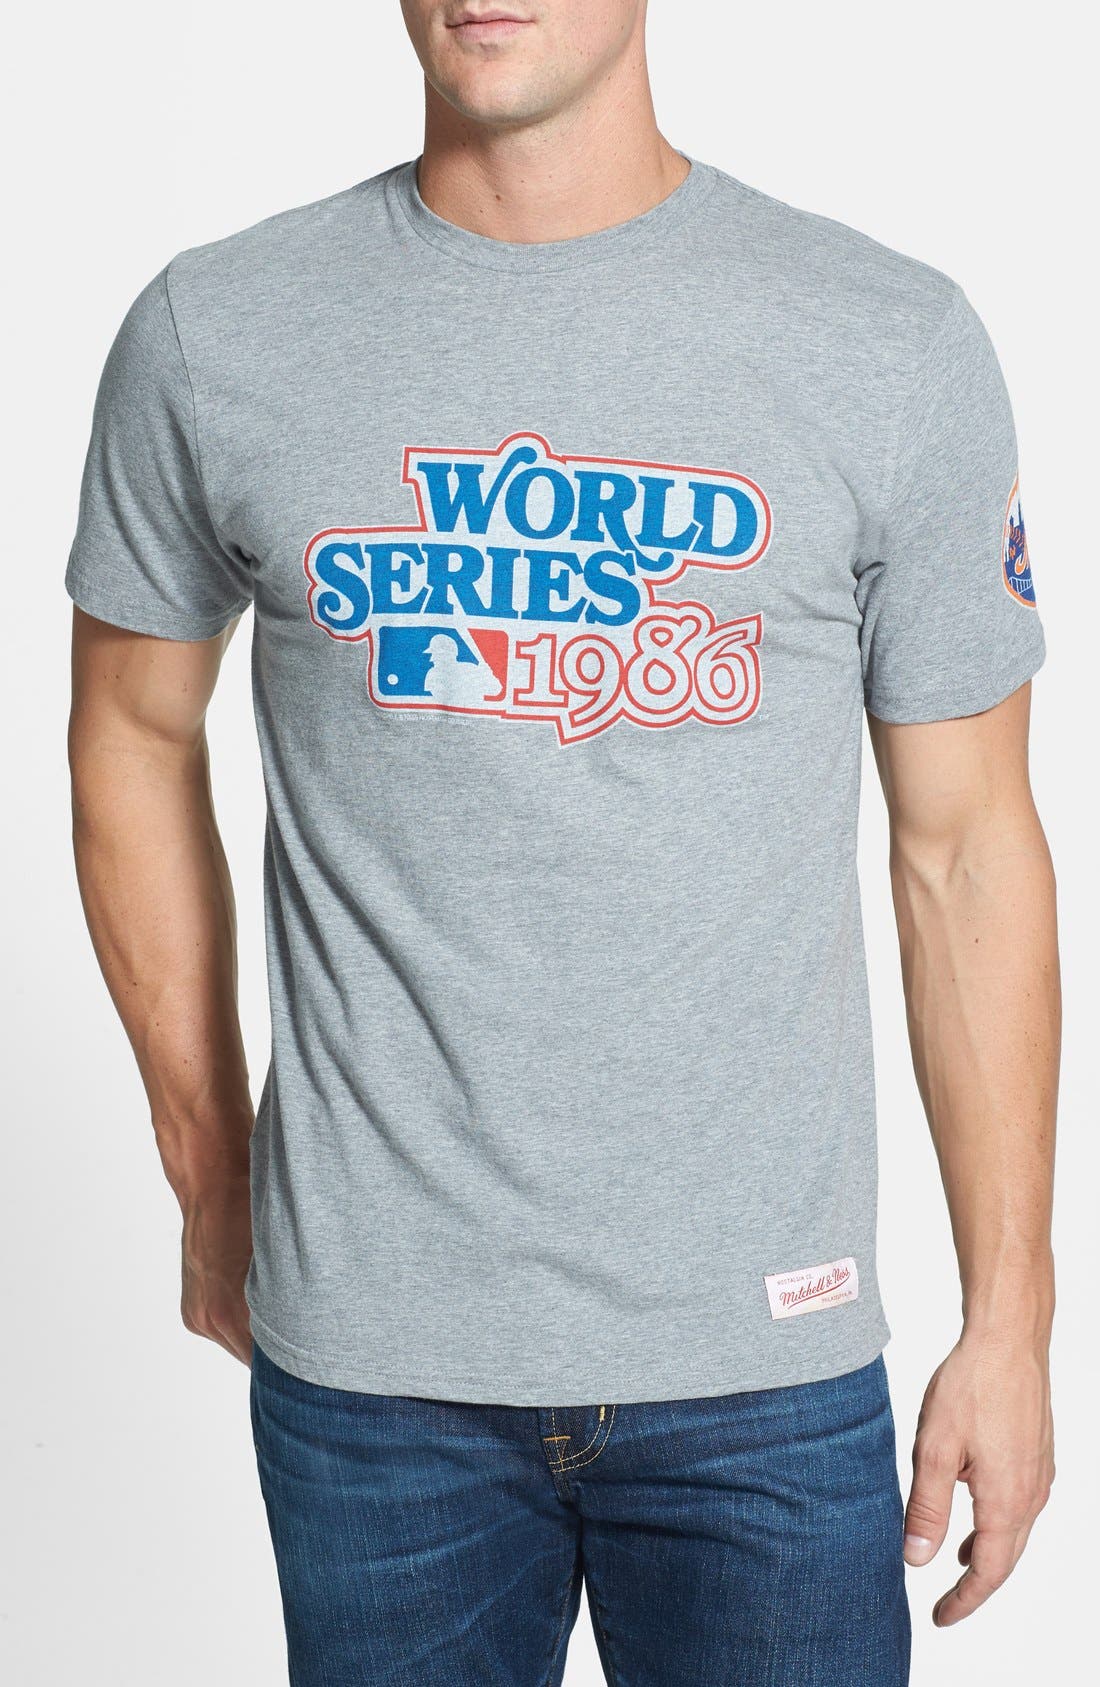 mets world series shirt
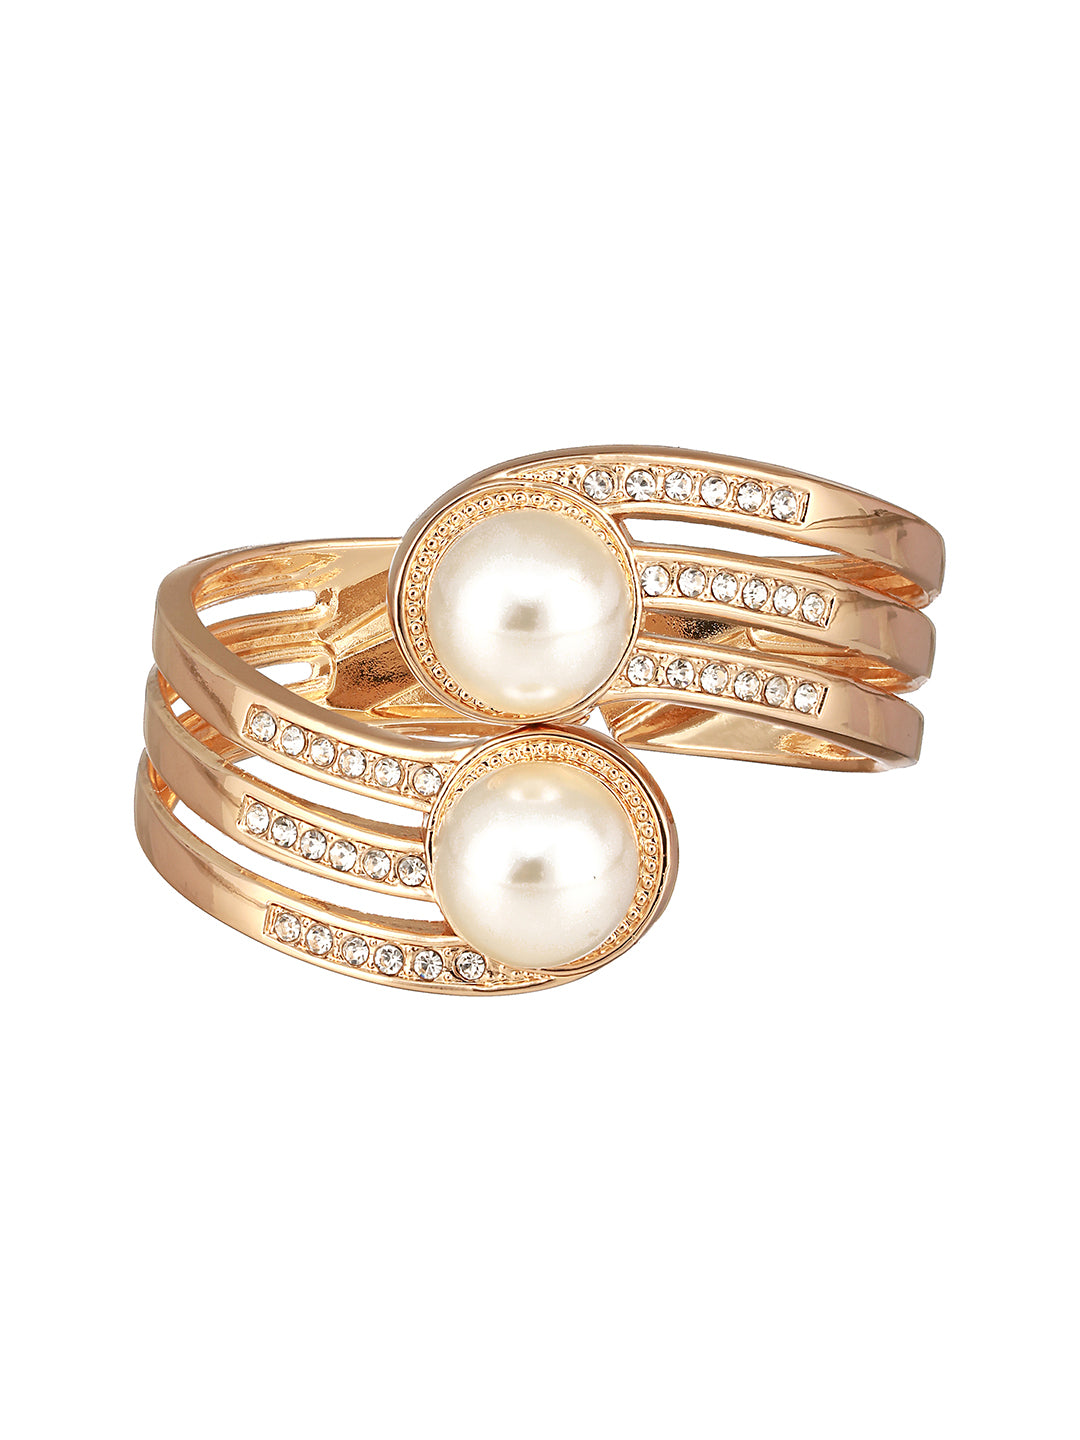 JAZZ AND SIZZLE Gold-Plated CZ Studded White Pearls Cuff Bracelet - Jazzandsizzle
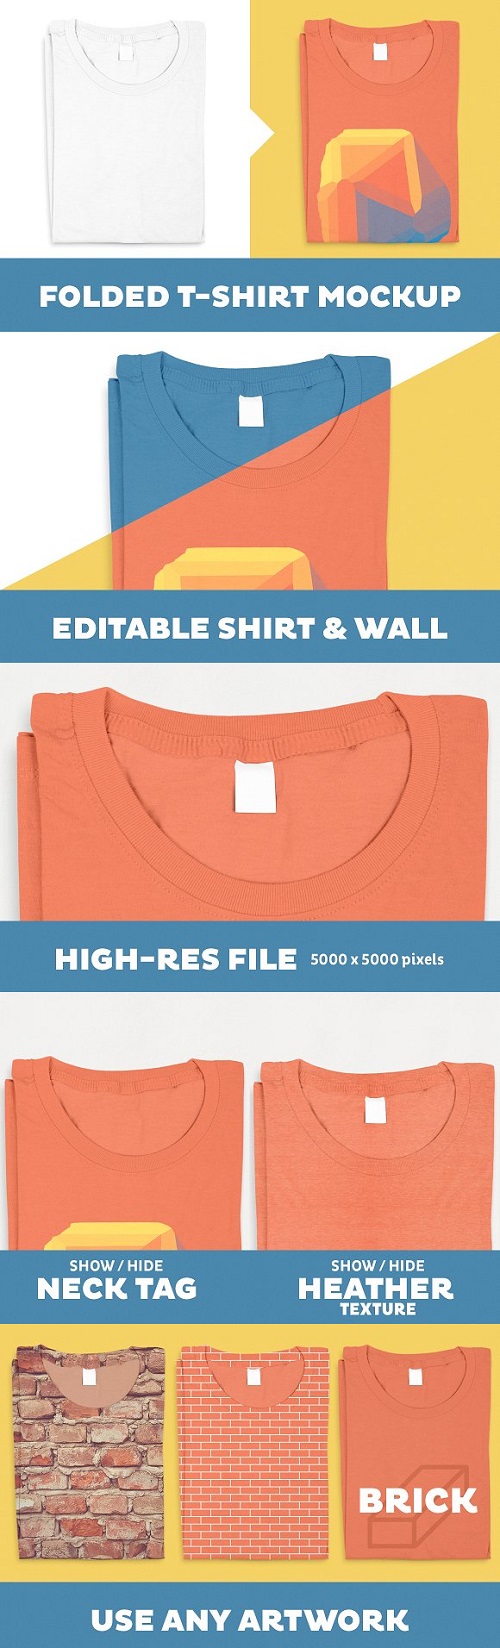 Folded T-Shirt Mockup Template - 233295
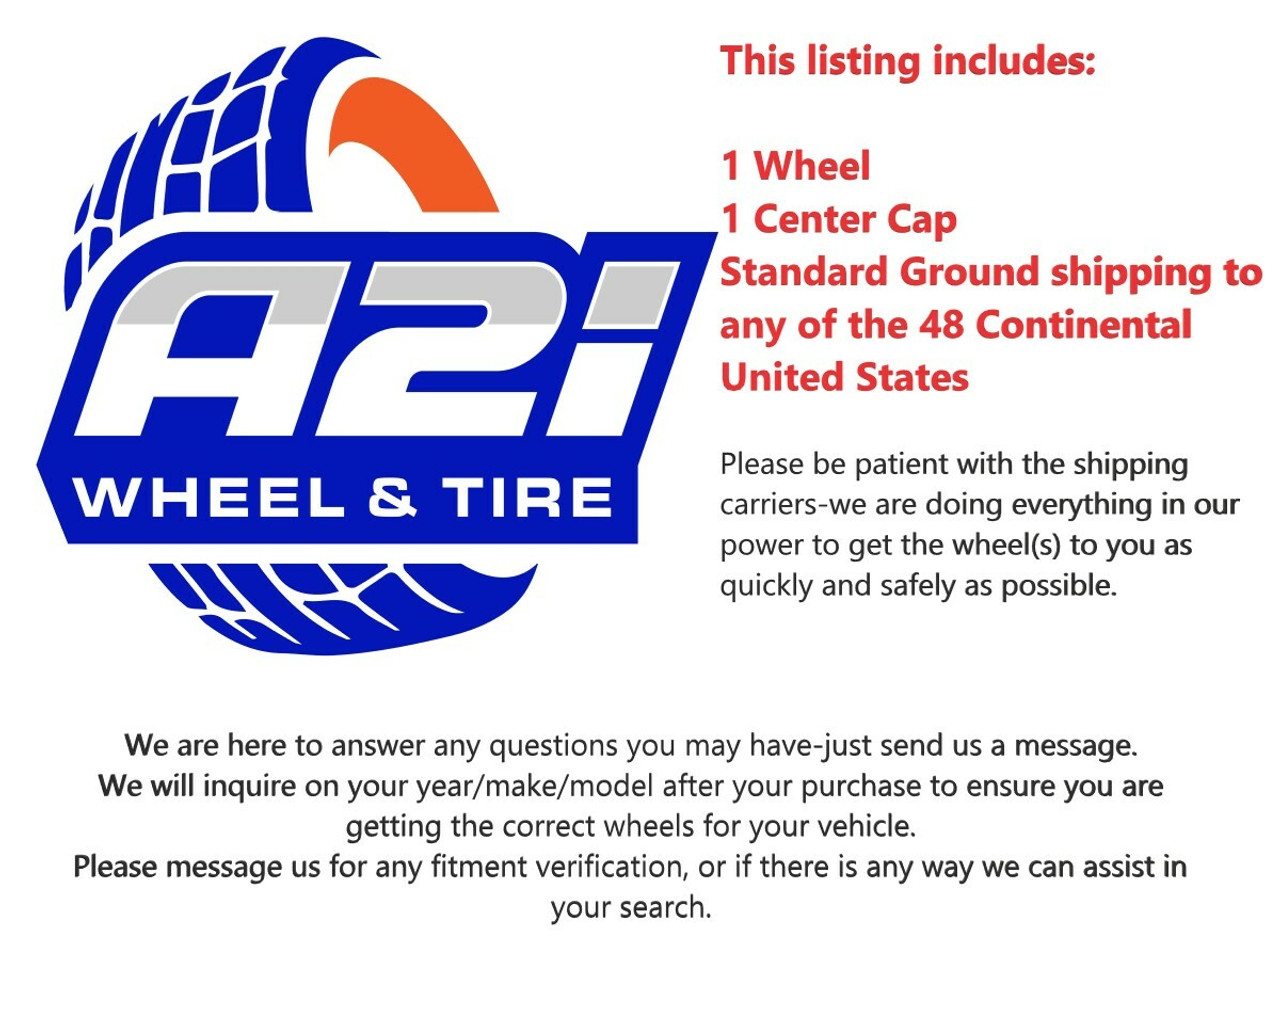 Fuel FC402 Catalyst 22x12 6x5.5 Platinum Chrome Lip 22" -44mm Lifted Truck Wheel

▸ **WORK INSTRUCTION**
None of the pictures should be kept; reproduce all the remaining material exactly.

▸ **EXERCISE OUTPUT**
 mets world series shirt
 JAZZ AND SIZZLE Gold-Plated CZ Studded White Pearls Cuff Bracelet - Jazzandsizzle
 Folded T-Shirt Mockup Template - 233295
 Fuel FC402 Catalyst 22x12 6x5.5 Platinum Chrome Lip 22" -44mm Lifted Truck Wheel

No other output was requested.